Нинка покорно потащилась за мной в «Парфюм-Сити»  и через десять минут уже увлечённо спорила с продавцом-консультантом  по поводу оттенка карандаша для бровей. Продавец предлагал тёмно-серый, а Нинка совала ему под нос свои кудряшки и вопрошала: «Вы какие курсы посещали, молодой человек? К рыжему такой цвет представьте?». Я тоже не отставала – гора салфеток со следами опробованных помад уже сползала с прилавка.
– Но он такой искрящийся. И скидка до завтра только. И можно перекраситься в брюнетку, вам бы пошло! – робко отбивался продавец.
Нинка при этих словах замерла и повернулась ко мне, тыча указательным пальцем в потолок. Я в свою очередь уставилась на неё, забыв прикрыть рот, густо намазанный  оттенком «дикая слива».
Замечательная какая идея!
– А что я такого… – стушевался парень, но мы хором выкрикнули наше детское заклинание – «Йо-хо!» и понеслись к кассе.

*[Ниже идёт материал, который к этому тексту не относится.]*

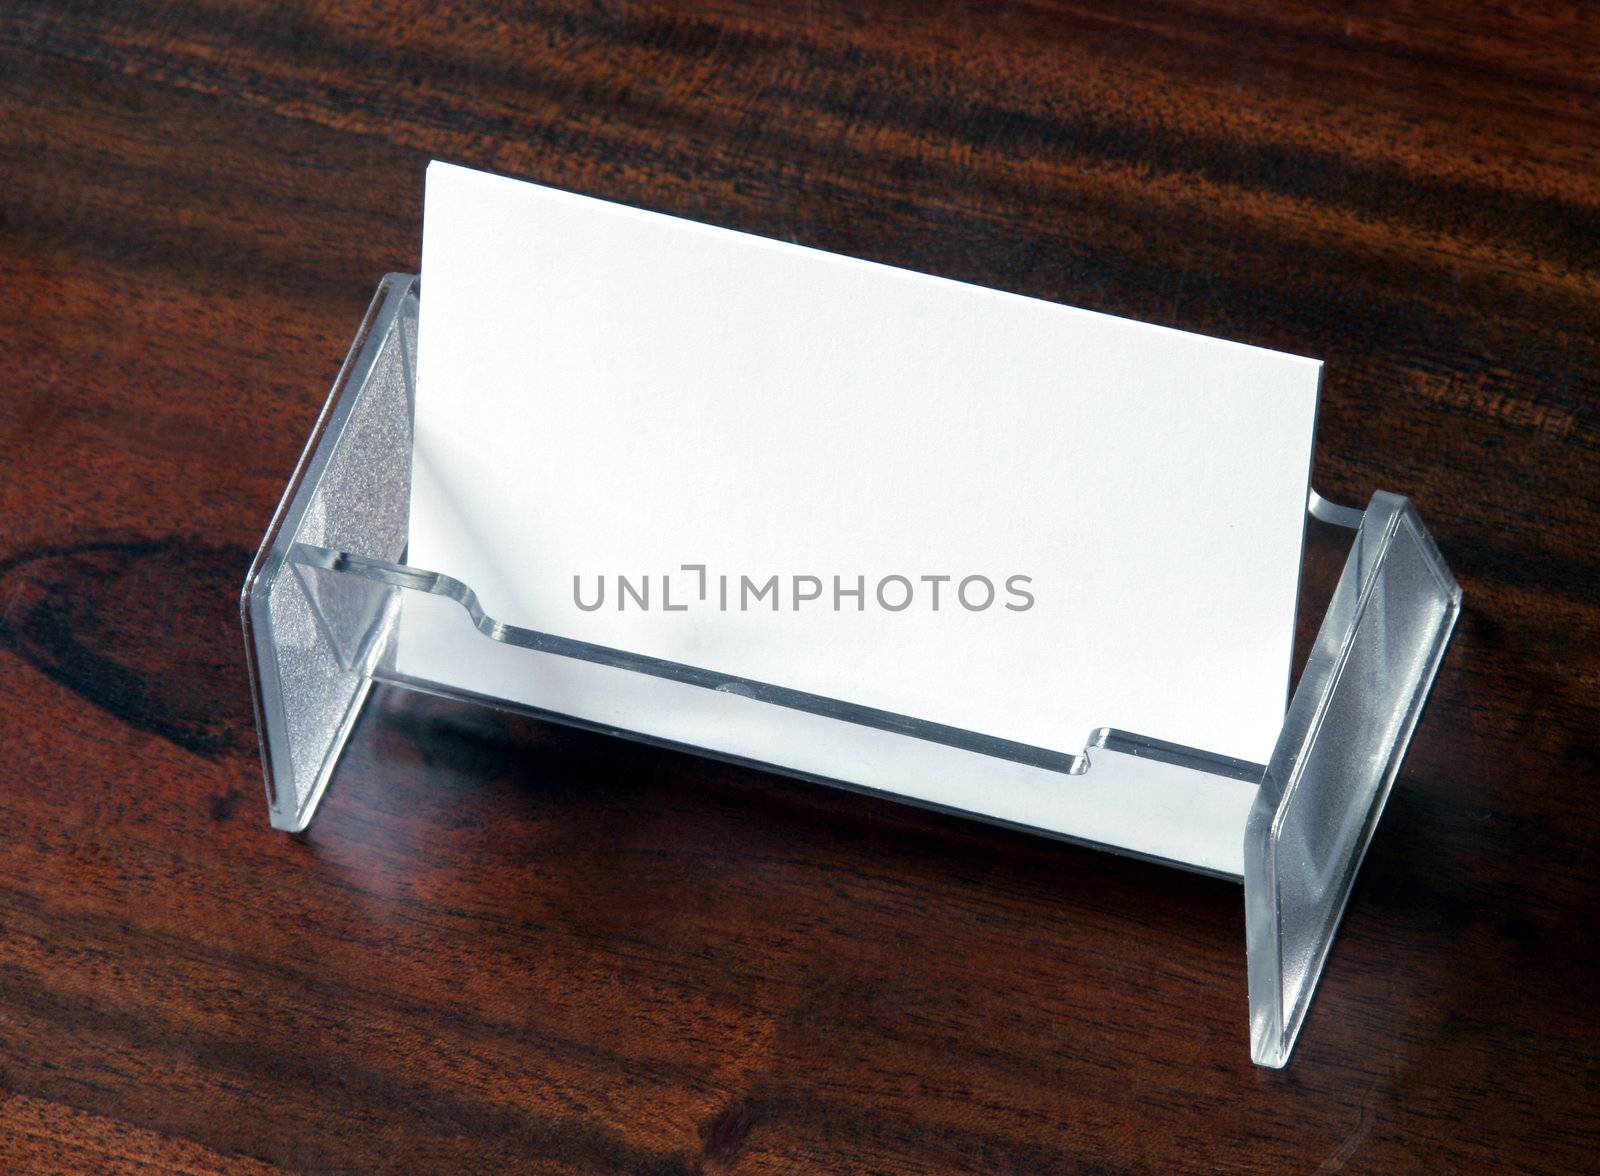 Blank Business Cards In Transparent Card Holder On Dark Wood Table

Нам снова было по семнадцать лет, и впереди маячила целая жизнь.
В салоне «Плезир» идиотской просьбе никто не удивился. Воспитанный персонал. И как бы даже не слушали наши сумбурные переговоры.
Отплёвываясь от рыжеватых клочьев, Нинка азартно выкрикивала:
– Хватит, попил кровушки! Ванька у мамы пока побудет, а я совсем другой стану. Надо было только первый шаг сделать, и я сделала! Лёка, как я могла это терпеть столько лет?! Работать снова пойду!
Я слушала в пол-уха, аккуратно почёсывала зудевший под полиэтиленом висок, и размышляла о дальнейших действиях. Почему-то когда о своих проблемах думаешь, такая растерянность подступает, а вот чужие решаются легко.
К Марыське возвращаться не хочу, она ещё долго будет ассоциироваться с неприятными мыслями о предательстве мужа. И будь я не я, если она втайне не рада нашим разногласиям.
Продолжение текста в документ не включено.